The brown H&S targets 1750-ish. The light blue lines show the gap at 1733-1735 and important support due to the September high--back when the Fed played baby games preparing the markets for the start of tapering QE and then pulling the rug out under traders with Chairman Bernanke coyly responding in the Q&A session that he never said he was going to taper. The Fed lost a lot of credibility that day and this may turn out to be a key historic market event looking back a few years from now. Thus, considering all the baby games, price should seek and test the 1722-1745 area simply out of respect moving forward. This support level also encompasses the huge sell candlestick from September so a volume comparison can be made once price moves lower. The SPX has not tested the 200-day MA, now at 1664.28 and rising, in over one-year's time, which is very unusual. Price will need to move lower moving forward to create a test. Considering the current upward slope of the 200-day MA (green line), the expectation would be a move to the 1680-1745 area over the coming 1 to 8 weeks time.

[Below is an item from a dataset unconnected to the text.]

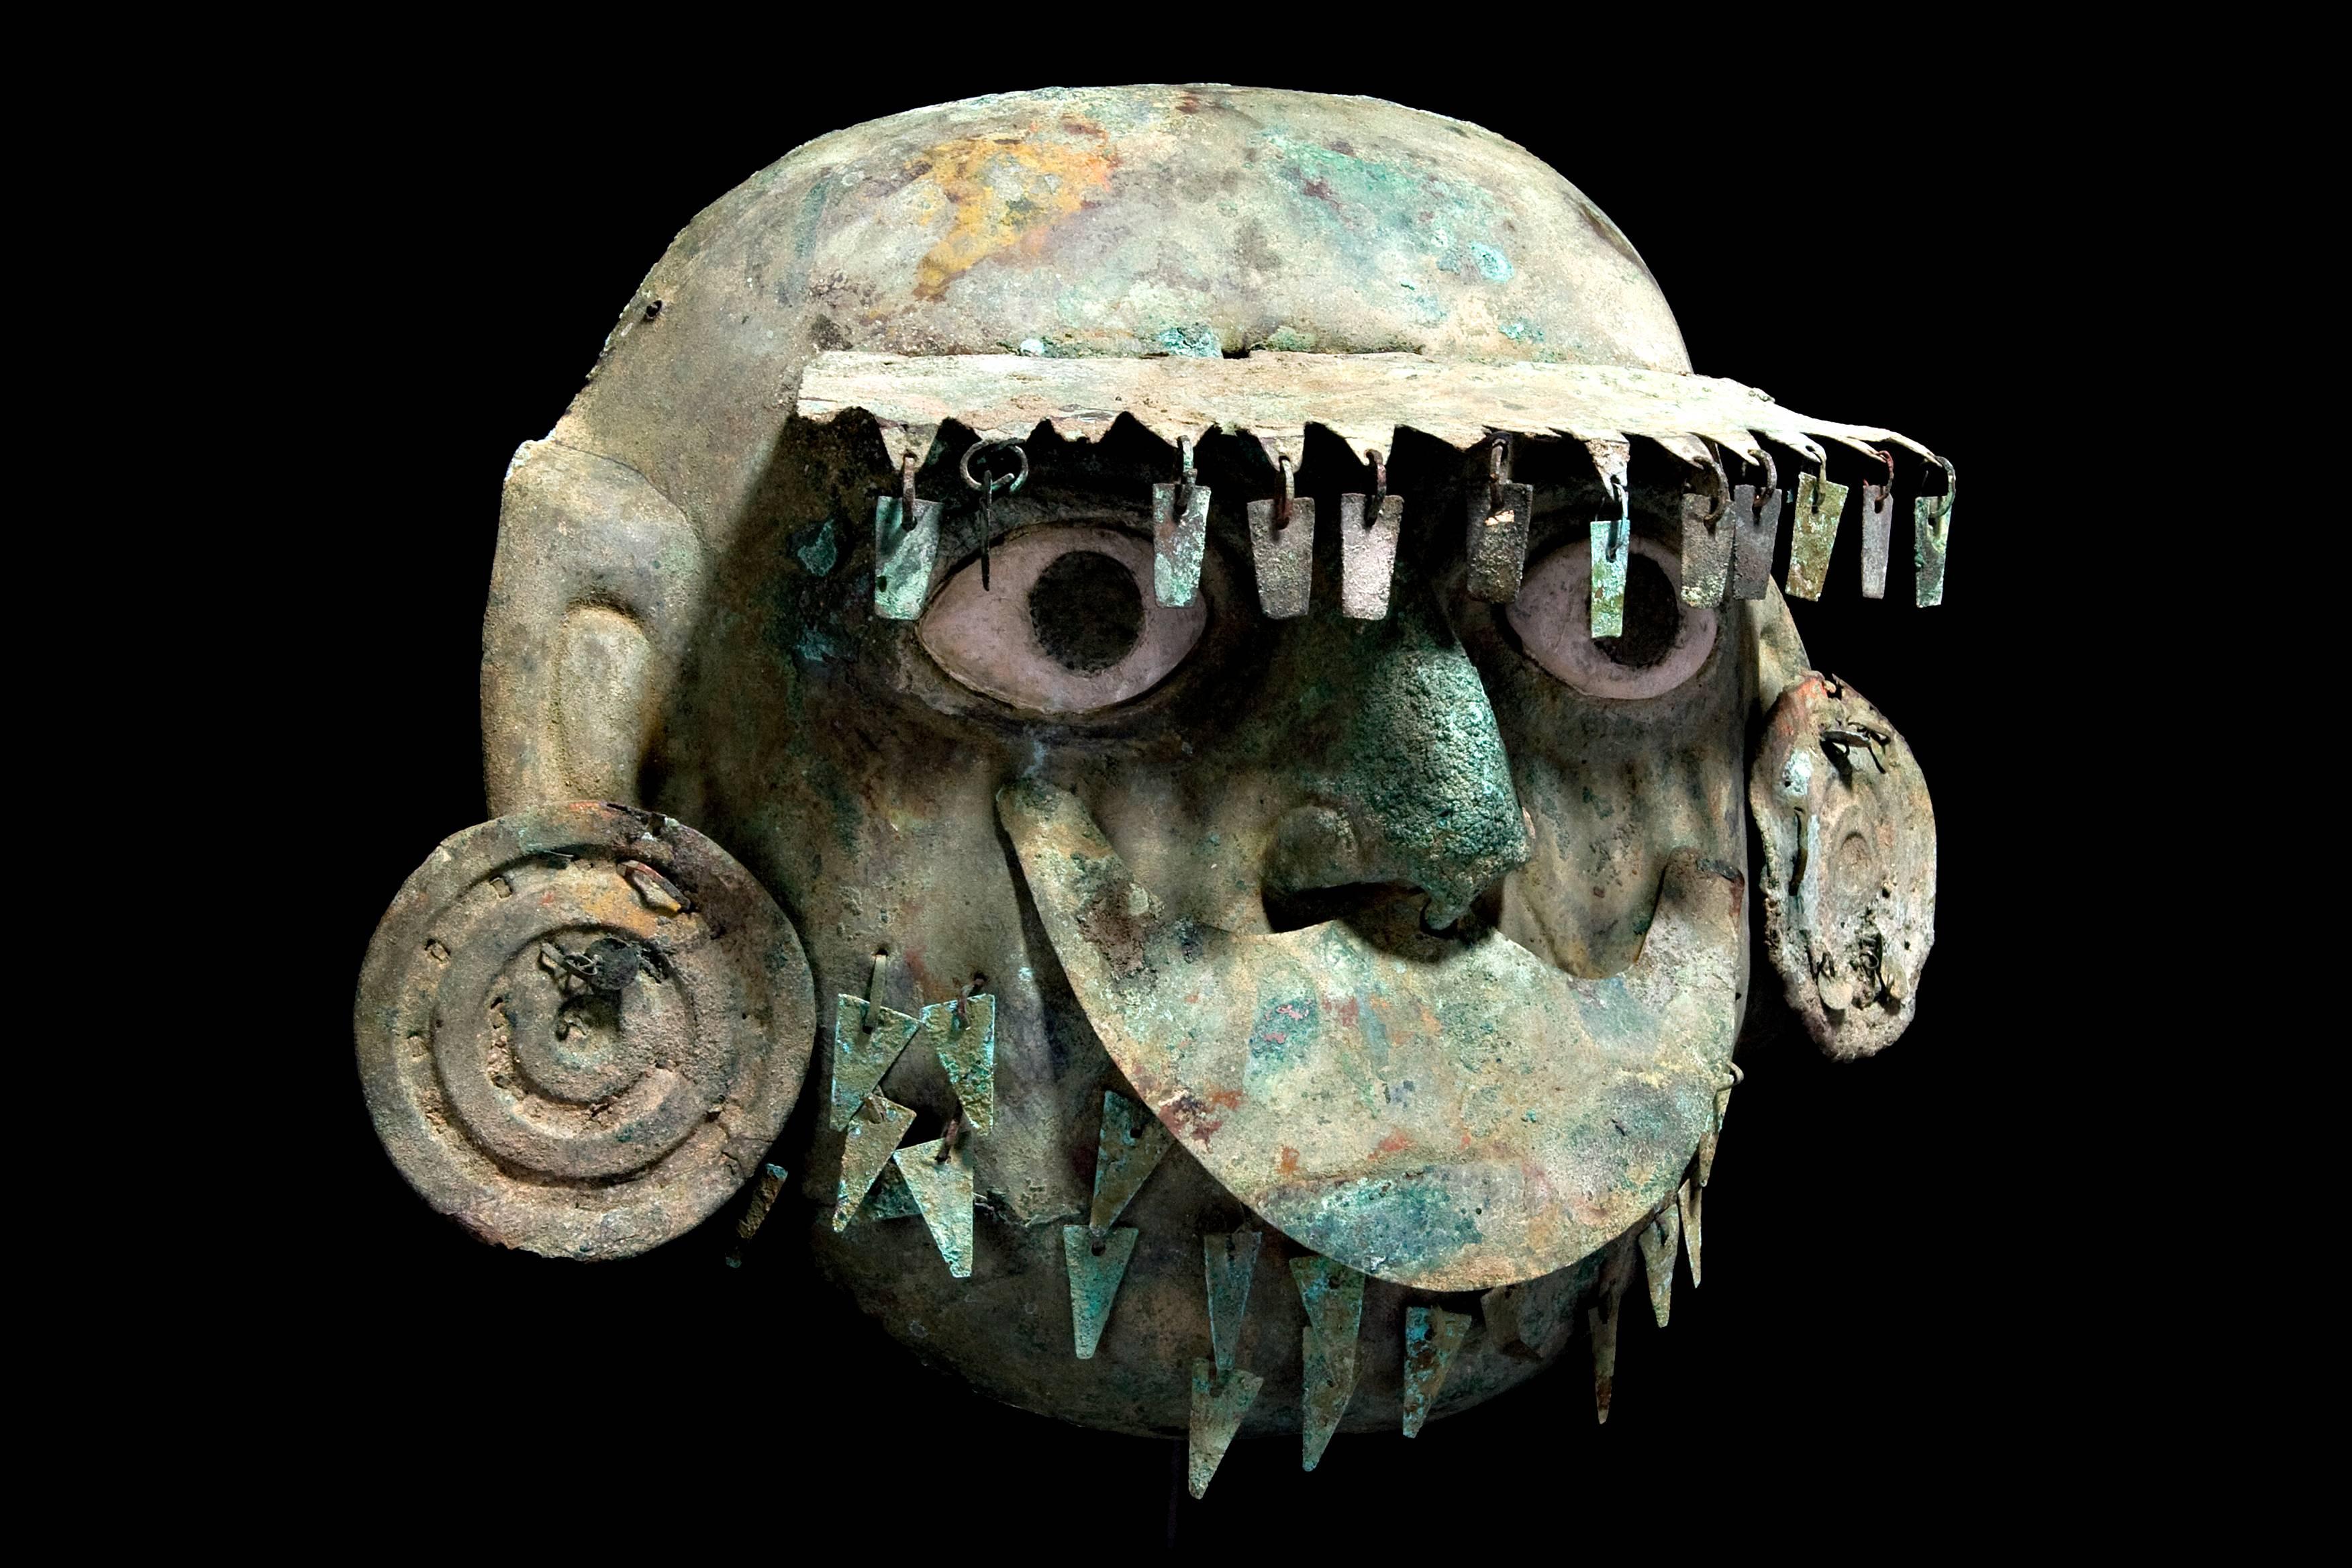 A large coper mask of a dignitary with almond shaped, inset shell eyes with pupils and a wide brim type crown. Attached at the brow line, a row of danglers is suspended, aligning the brow. He is also wearing large, round ear ornaments decorated with

Monday is an important day. If the bulls bounce equities, watch the 1781-1783 resistance level, and if that gives way, price will run up for a back kiss of the 20-day MA at 1593-1596, where price will bounce, or die. The expectation would be failure again and the downside to resume. If the bears come to play tomorrow to begin the week, and push under the strong 1772 support, a test of the 50-day MA at 1761.74 and rising would occur. Overall, moving forward for the days and weeks ahead, lower prices are expected. The bear case is fine as long as the SPX stays under the 20-day MA. Bulls will mount an upside charge if they can punch through 1781-1783 R. This information is for educational and entertainment purposes only.  Do not invest based on anything you read or view here.  Consult your financial advisor before making any investment decision.